How do the different COVID-19 vaccines work?
“In a broad sense, the vaccines that have been studied most extensively to date trigger the immune system to target the spike proteins on the surface of the coronavirus,” says Dr. Malley. Different COVID-19 vaccines accomplish this in different ways.
mRNA vaccines use a strip of genetic material called mRNA. Once the mRNA enters a cell, it triggers the cell to build copies of the spike proteins. The immune system learns to recognize these spike proteins through the production of antibodies that block the virus from entering healthy cells. Both the Pfizer and Moderna vaccines work this way.
Viral vector vaccines rely on another virus, called an adenovirus. The adenovirus is engineered to encode the spike proteins and create immunity. Several viral vector vaccines are in the final stage of clinical trials and could be could be submitted for authorization for use in the United States in the first half of 2021.

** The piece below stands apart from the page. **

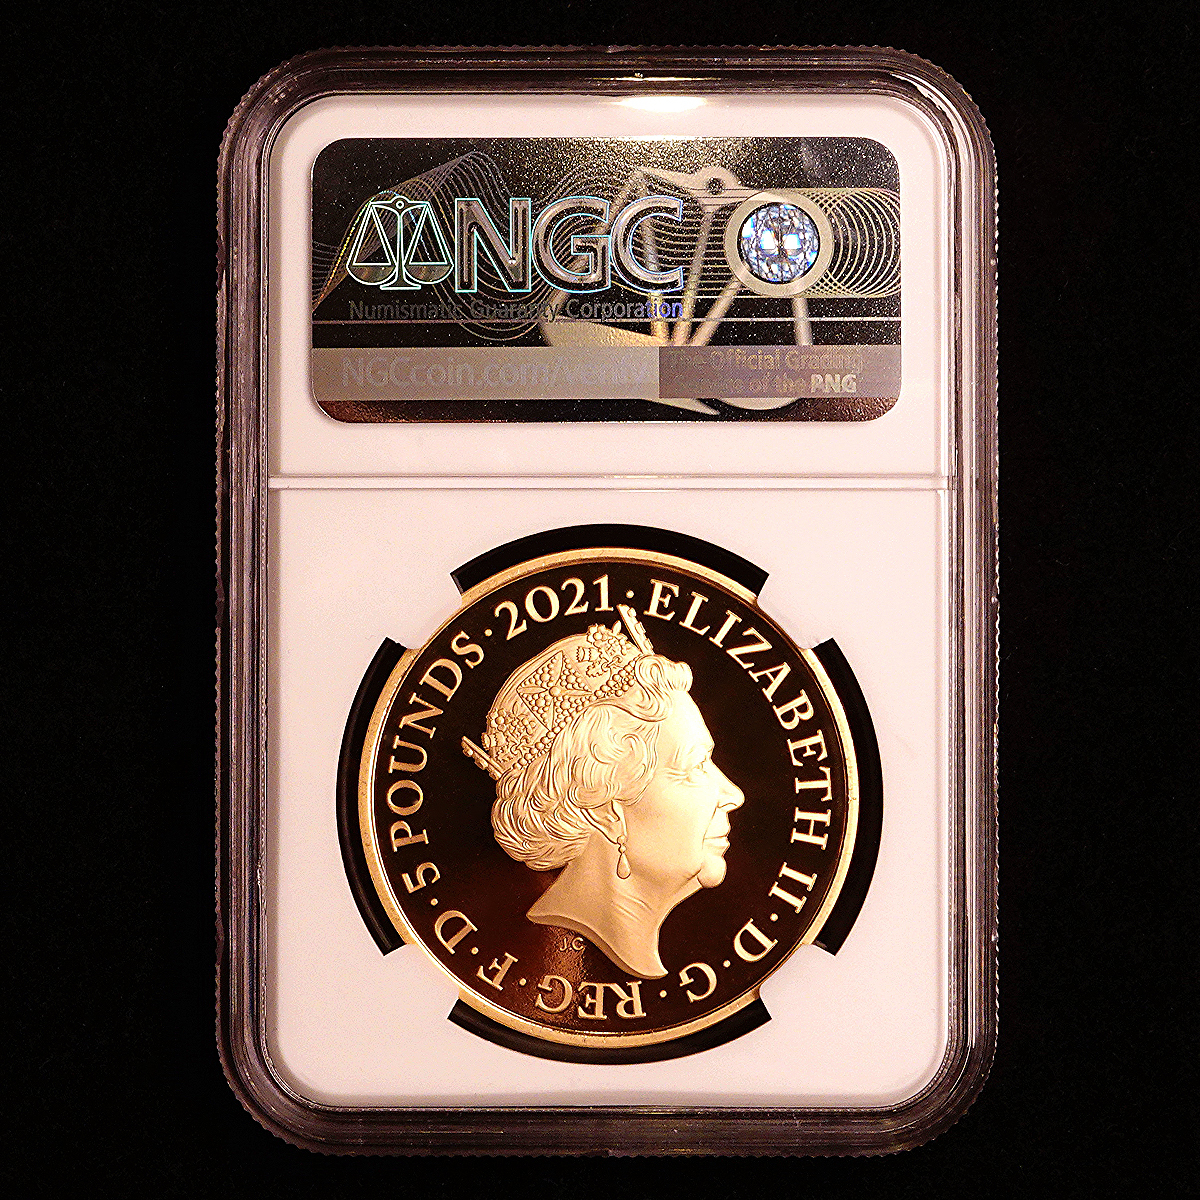 イギリス 2021年 ロイヤル・アルバート・ホール開場150周年記念 英国 5ポンド 金貨 NGC PF70UC【最高鑑定】_画像5

Purified protein vaccines take a more traditional approach. These vaccines use proteins to stimulate an immune response.
Whole, inactivated virus vaccines use dead versions of the virus to generate immunity.
How are the vaccines different?
One important difference has to do with how the vaccines are stored. The Pfizer vaccine requires special freezers that can maintain a temperature of negative 94o F. The Moderna vaccine needs to be frozen at negative 20o F, roughly the same temperature as a standard home freezer. Most of the other vaccines currently in clinical trials are stable at 40o F, standard refrigeration.
Some large institutions, like Boston Children’s, have deep freezers cold enough to store the Pfizer vaccine. Other vaccines will be more practical in many smaller practices and rural communities.
Does getting a COVID-19 vaccine mean I can stop wearing a mask?
Not yet. “Whether you’re vaccinated or not, your life won’t change right now,” says Dr. Malley. To protect the people around you, it will be important to continue precautions such as mask-wearing and avoiding indoor gatherings for a while longer.
“The Pfizer and Moderna vaccines both proved highly effective in protecting people from developing COVID-19,” he explains. “While there are some promising signs, we don’t know yet if the vaccines make people less likely to transmit the virus to others.” That’s something both Pfizer and Moderna will study over the next several months.
It will also take time to reach a point of herd immunity, a point at which enough individuals in the population have been vaccinated to stop the virus from spreading. As with many other infectious diseases, vaccine-induced herd immunity will be a big step toward returning to life as we knew it before the pandemic.
Do the vaccines have side effects?
Some people have side effects such as soreness at the injection site, headache, fatigue, and low-grade fever. Typically, such side effects last only a day or two.
Anyone who has been vaccinated can help the FDA and CDC monitor side effects through an app called v-safe. If a person experiences side effects, they can easily report them using their phone. “This is one of many surveillance tools that will allow us to track the safety of coronavirus vaccines over time.” says Dr. Levy.